0

I have a bunch of large compressed files that I want to concatenate. Problem is, the don't have newline characters at the end of the uncompressed version, so if I try to just cat them together and work on them compressed, the last line in one file is joined to the first line in the next file (which throws an error with the software I'm using). Just cat'ing them with a new-line inserted between each compressed file doesn't work as I think gzip detects the newline character and thinks everything after it is 'trailing garbage'.e.g.

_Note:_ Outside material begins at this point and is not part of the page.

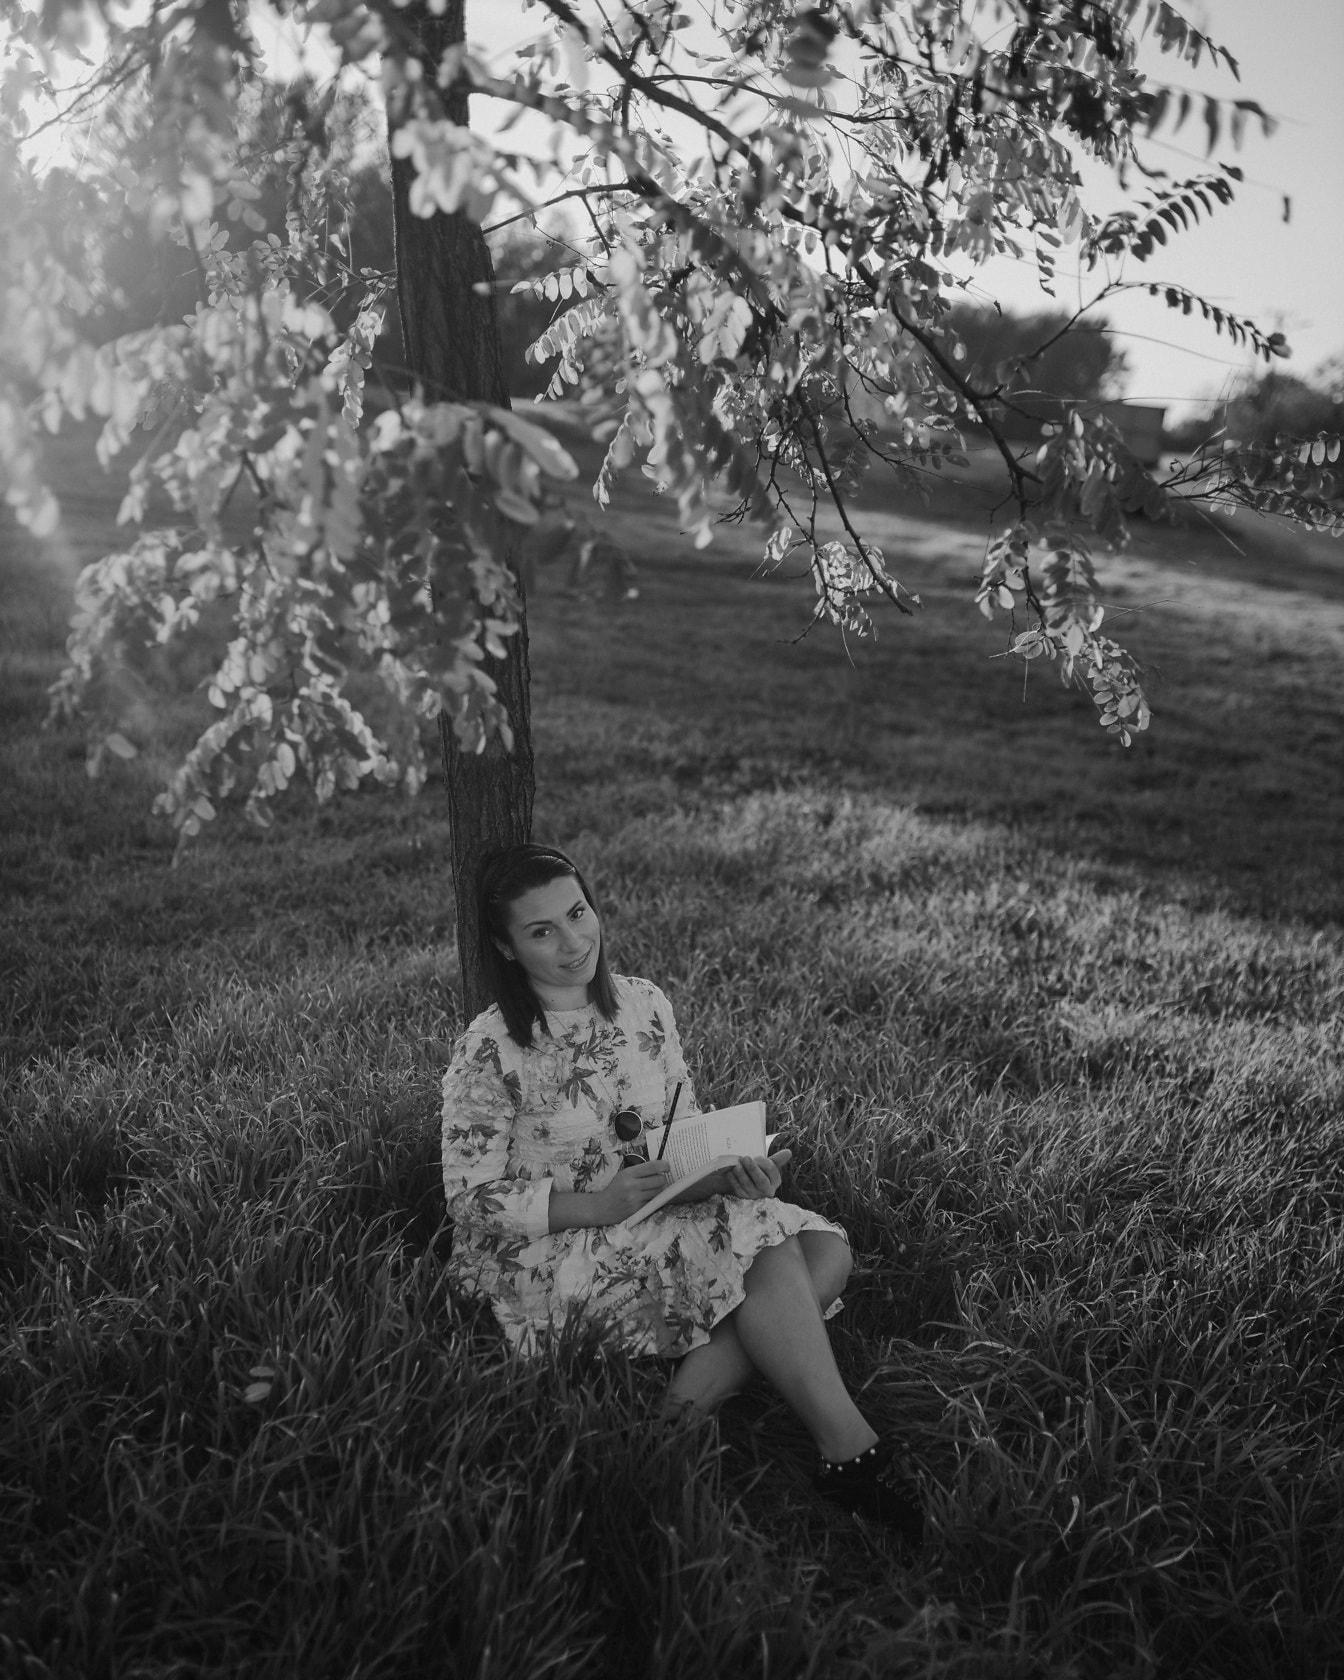 Gadis duduk di bawah pohon dan membaca buku foto monokrom

for f in *.gz; do (cat "${f}"; echo) >> all.gz; done;
gzip -d all.gz 

gzip: all.gz: decompression OK, trailing garbage ignored

What I'd like to do is something like this:

unzip file1.gz | add a newline char| gzip the output >> output.gz

and then do the same with file2.gz, file3.gz, etc., etc.

Any suggestions?

GrahamE
  • 5
  • 1

1 Answers1

2

You don't need to decompress and recompress. Simply compress the one-byte new-line character with gzip, and concatenate that between your large gzip files.

echo | gzip > newline.gz
cat file1.gz newline.gz file2.gz newline.gz file3.gz ... > file.gz

It will be a 21-byte file you insert for each new-line, but since you said that your other files are large, that shouldn't matter.

Mark Adler
  • 101,978
  • 13
  • 118
  • 158